You know that sinking feeling. Your programs are securely funded, but when your printer needs servicing, you’re faced with a depleted operations budget. You’ve spent half your day Googling “printer self-service tips” in an effort to avoid accruing overhead costs.
On average, 40% of a nonprofit’s budget is made up of indirect costs — costs not attributed to a specific program or service. That’s significantly more than the 15% rate of reimbursement that many foundations provide.
It’s clear. A 15% cap on funding for indirect costs does not provide adequate coverage for most nonprofits.

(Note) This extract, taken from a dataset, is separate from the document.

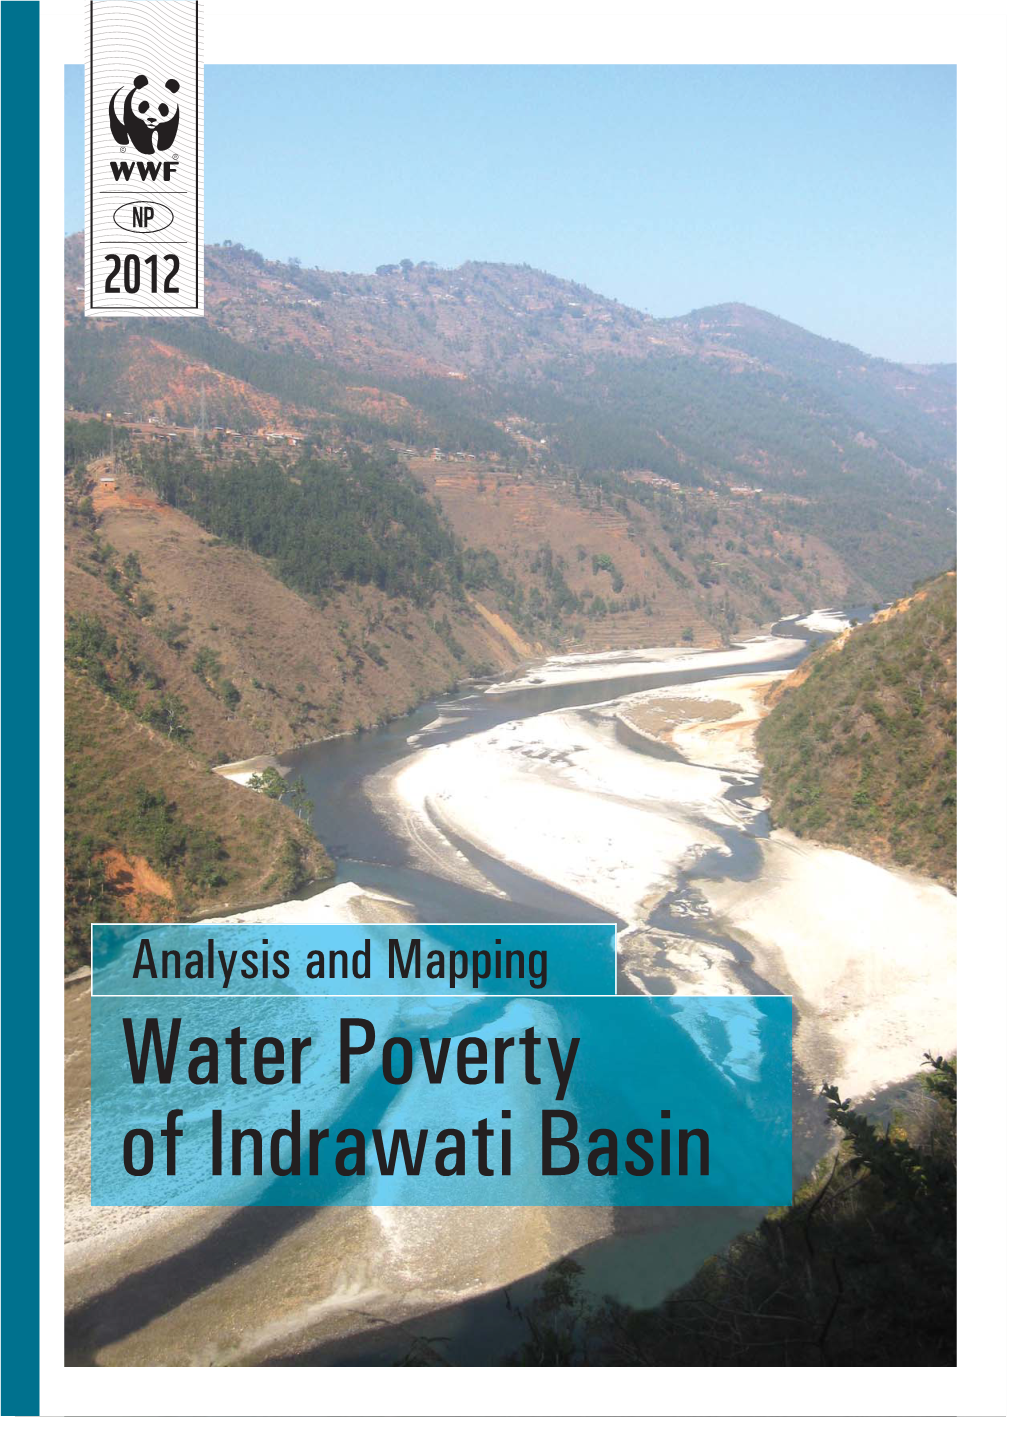 Water Poverty of Indrawati Basin

And funding for programs, yet not for operations, sets nonprofits up for something know as a starvation cycle.
If nonprofits committed to understanding their true cost of operations, and funders shifted to paying grantees what it takes to get the job done, the starvation cycle would end. – From Pay-What-it-Takes Philanthropy, Stanford Social Innovation Review
Identifying the costs of achieving a desired outcome shifts the emphasis from what it takes to fund a program to what it takes to achieve impact, the essence of the “pay-what-it-takes” approach to grantmaking. This policy also eliminates the “shadow economy” where some nonprofits feel pressured to obscure data to work around overhead cost caps imposed upon them.
CNE wants your programs to succeed, but also wants you to be able to fix that printer. Read more about the forward thinking pay-what-it-takes approach to grantmaking in the Stanford Social Innovation Review.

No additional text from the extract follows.